I have a confession to make…I love mowing the lawn. No, “mowing the lawn” is not some weird Mantra-type sexual position. I mean it literally — I love cutting the grass!
We have a rather large piece of property with a nicely sized front yard and a backyard that is 300+ feet deep, as well as a sled-worthy hill between us and a neighbor. She also mows the lawn — at 95 years of age! In fact, our neighbor on the opposite side also mows her lawn. Drive down our street on any given April through October day and chances are one of us mamas is out there packing turf.
I don’t consider mowing the lawn a chore. Laundry, cleaning, cooking — now, that’s a chore. And living with four children creates a whole lot of dirty clothes, a sticky house and makes cooking a dirty word. Nope, I can’t wait to get out there and rev my estrogen levels right along with my 4.5 horsepower fossil-fuel-burning hunk of love. Now that gets me hot.
No one — and I mean no one — messes with me and my lawn mower, not even my hubby. There are several reasons why that task is mine, and why I make it a point to rendezvous with the lawn mower more than twice a month:
- I get the children out of the house with me (theoretically, avoiding any further trashing that has, no doubt, occurred indoors).
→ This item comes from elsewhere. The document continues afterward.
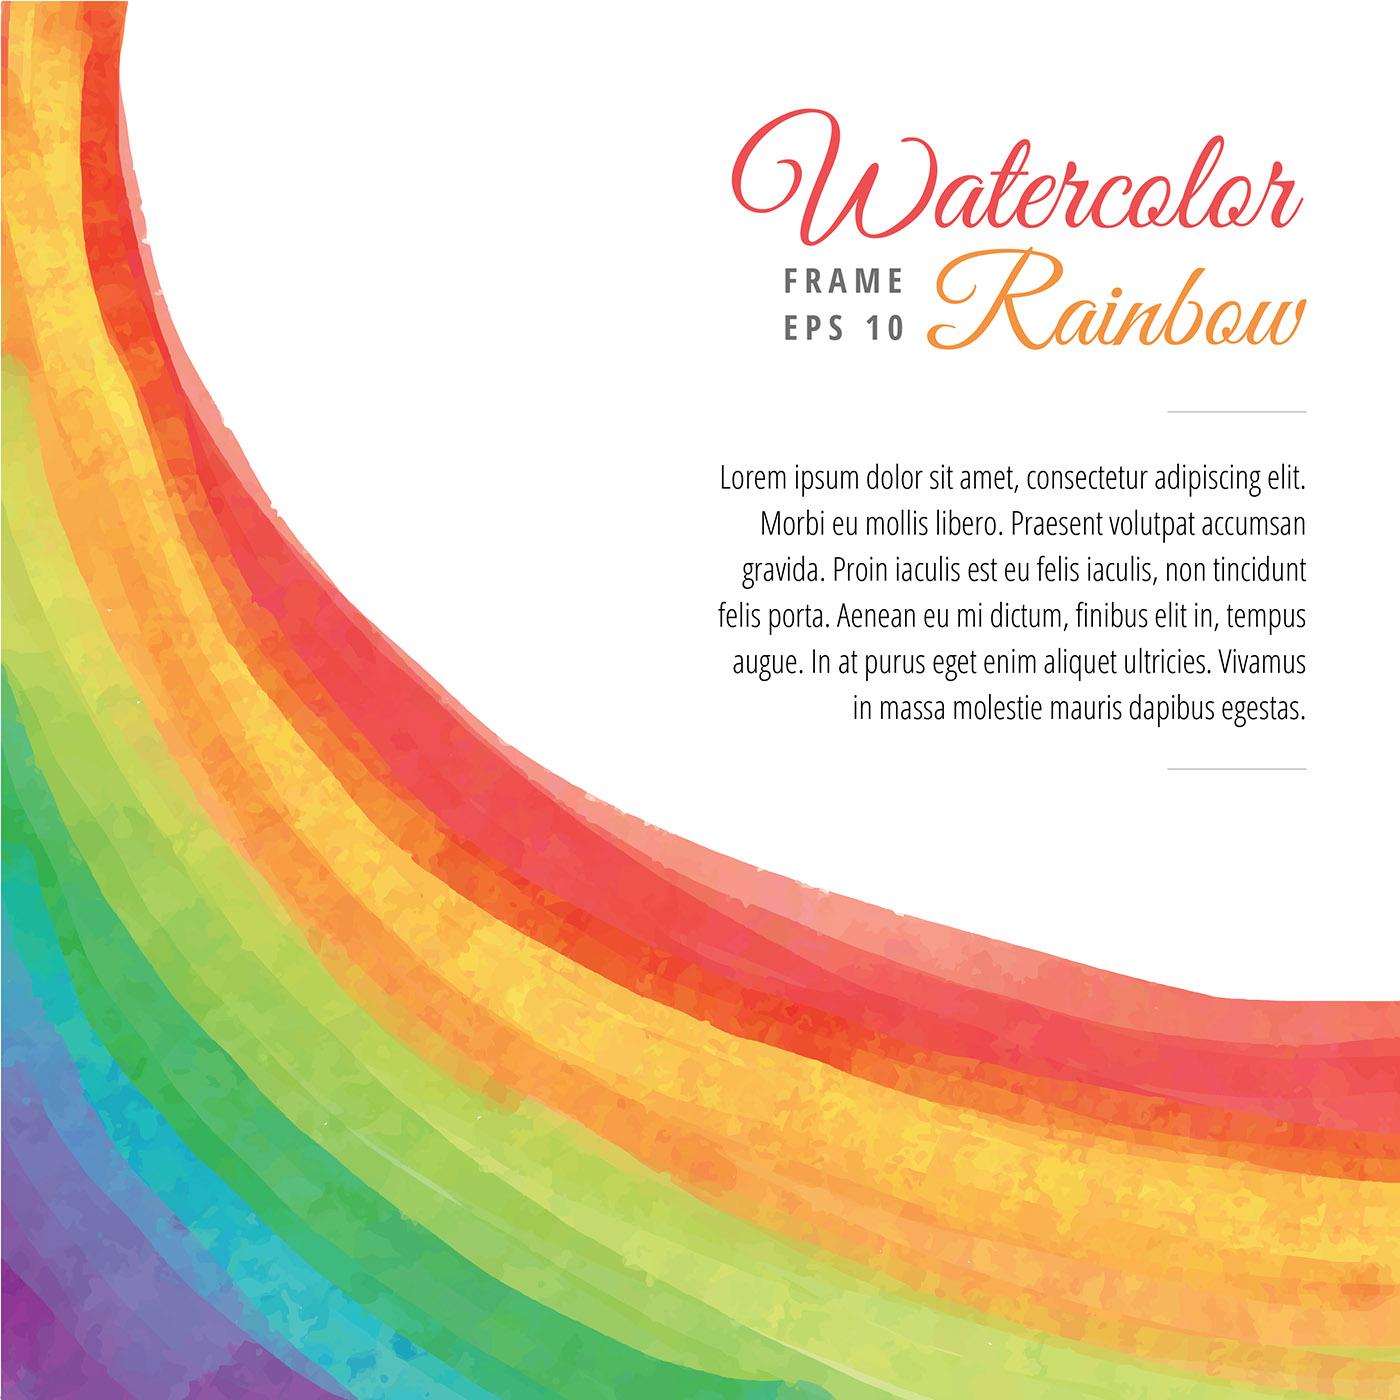 Rainbow Frame Free Vector Art - (6938 Free Downloads)

- I get a major workout. I didn’t have to pay for it, didn’t buy clothes for it, didn’t sign a membership contract for it, don’t have to drive to get to it, don’t feel guilty if I skip doing it for two weeks and most of all, don’t have to be in a room full of gym bunnies.
- It is a great stress reliever. Rather than feel the need to beat the crap out of the kids, I kick some Kentucky Blue turf instead.
- I also find myself feeling lulled into a sense of peace and harmony by the white noise produced by the lawnmower, sort of making use of a combination of yoga and active meditation techniques.
- Although this probably falls under #3, I can curse (out loud) the heck out of anyone has just about gotten on my last nerve and without confrontation. I love that.
- Most of all, my children see that Mommy — a woman — can easily take on a physically demanding chore like cutting the grass, and enjoy it. I am woman and I am strong! Unless, of course, there is that occasional field mouse that happens to run in front of the lawn mower…”Eeeekkkk! I hate mice! Eeewww, I hope I didn’t run it over! Oh gross! I did! No, you can’t touch it! Leave it there and Daddy will clean it up when he gets home.”
Truth is I think that my four children like the fact they can run along side and taunt me to their little hearts content unnoticed, unheard, and usually without reprimand. Some examples of a few of their favorite jeers are:
“She can’t hear us! Watch this… Hey Mom, your face is all yucky red!”
“Hey Mom, your meatloaf stinks!”
“Hey Mom, your boobies are shaking!”
And they yuck it up until I turn my beloved Murray toward them and become “Lawnmower Mom” and chase them in these cute little zig-zaggy type patterns. Not my husband’s most favorite look for our yard I must say.
Today’s lawn mowing session was very productive and I managed to take out both the front and back yards, sorting out a lot of issues in between:
- Screw the laundry.
- Burned off those Oreo cookies from this morning.
- Saved the baby’s butt, again.
- Oooommm. Oooommm.
- Me Woman. Me No Need Man.
- If he/she thinks he/she can talk to me like that…well then he/she can just go take a blankety-blank-blank long walk off a blankety-blank-blank short pier.
So, you see, working the mower is so much more than an exercise in superior lawn care. For this wiped out old mom it is a labor of love — mind, body and soul.